Computational Simulation of Shock Oscillation Around a Supersonic Air-Intake

Unsteady flow around an external-compression air intake was investigated numerically. Our attention was focused to shock oscillation, which is known as ‘buzz’, in subcritical operation. We used a two-dimensional model consisting of a wedge and a subsonic diffuser. A slit was opened for natural bleed at the entrance of the subsonic duct. The wedge angle was 10 degrees. The free stream Mach number was 1.64. Compressible viscous flow around the model was calculated using UPACS (Unified Platform for Aerospace Computational Simulation) developed at JAXA (Japan Aerospace Exploration Agency). We successfully simulated a series of flow pattern (supercritical, critical, and subcritical operations) by changing the intake mass flow rate. In the subcritical operation, multiple dominant frequencies were found in the pressure fluctuation with the buzz.
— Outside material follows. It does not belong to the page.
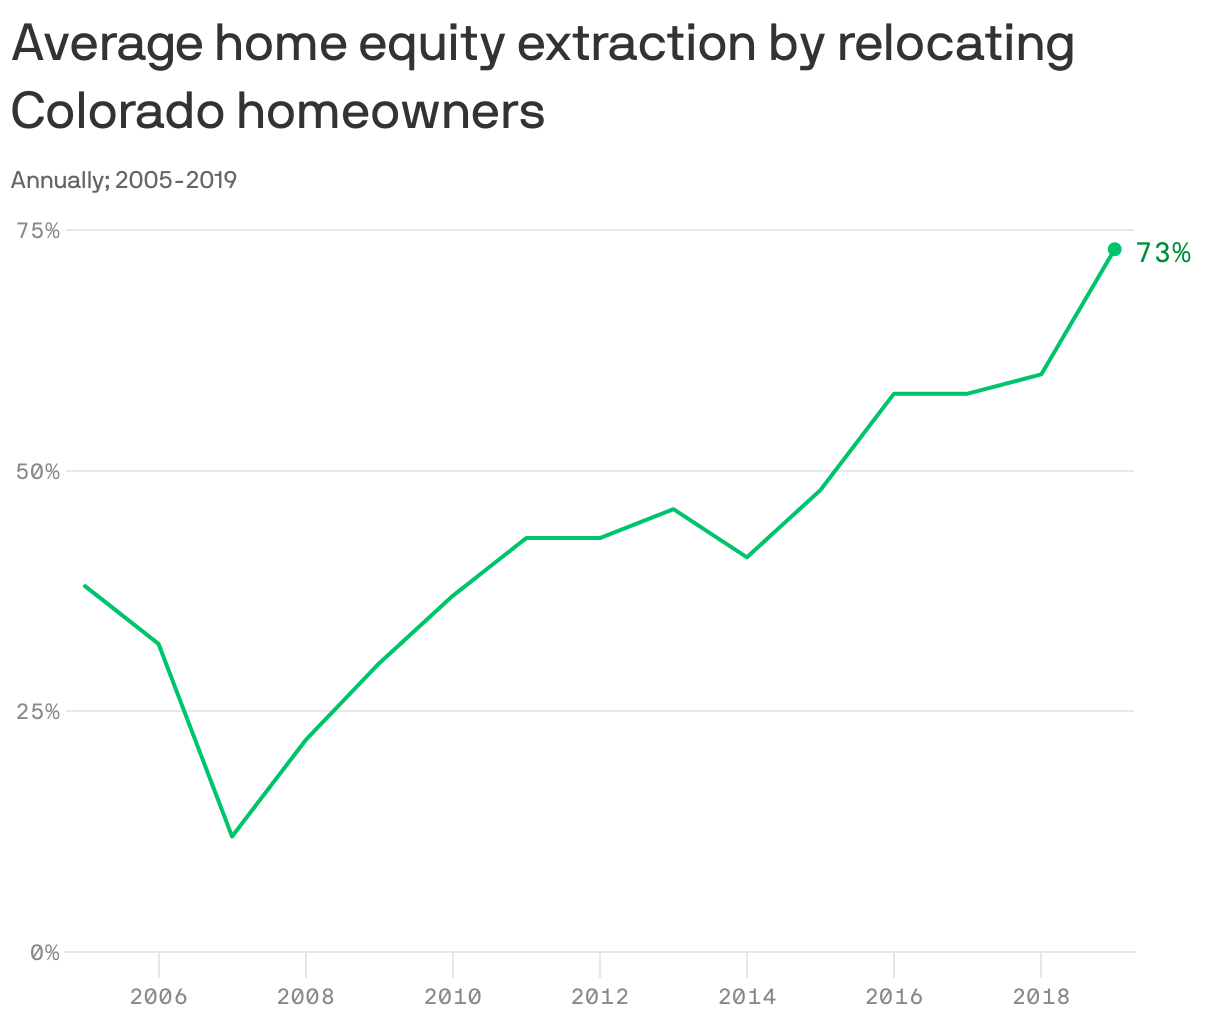 Average home equity extraction by relocating Colorado homeowners

Low-frequency component was caused by the acoustic resonance of the subsonic diffuser. On the other hand, highfrequency component was generated by the periodic flow separation on the wedge. This phenomenon was caused by the periodic suction of the separated air through the slit. The high-frequency component disappeared when the diffuser length was long. The natural bleed slightly suppressed the pressure fluctuation in the subsonic diffuser in a constant mass flow rate through the diffuser.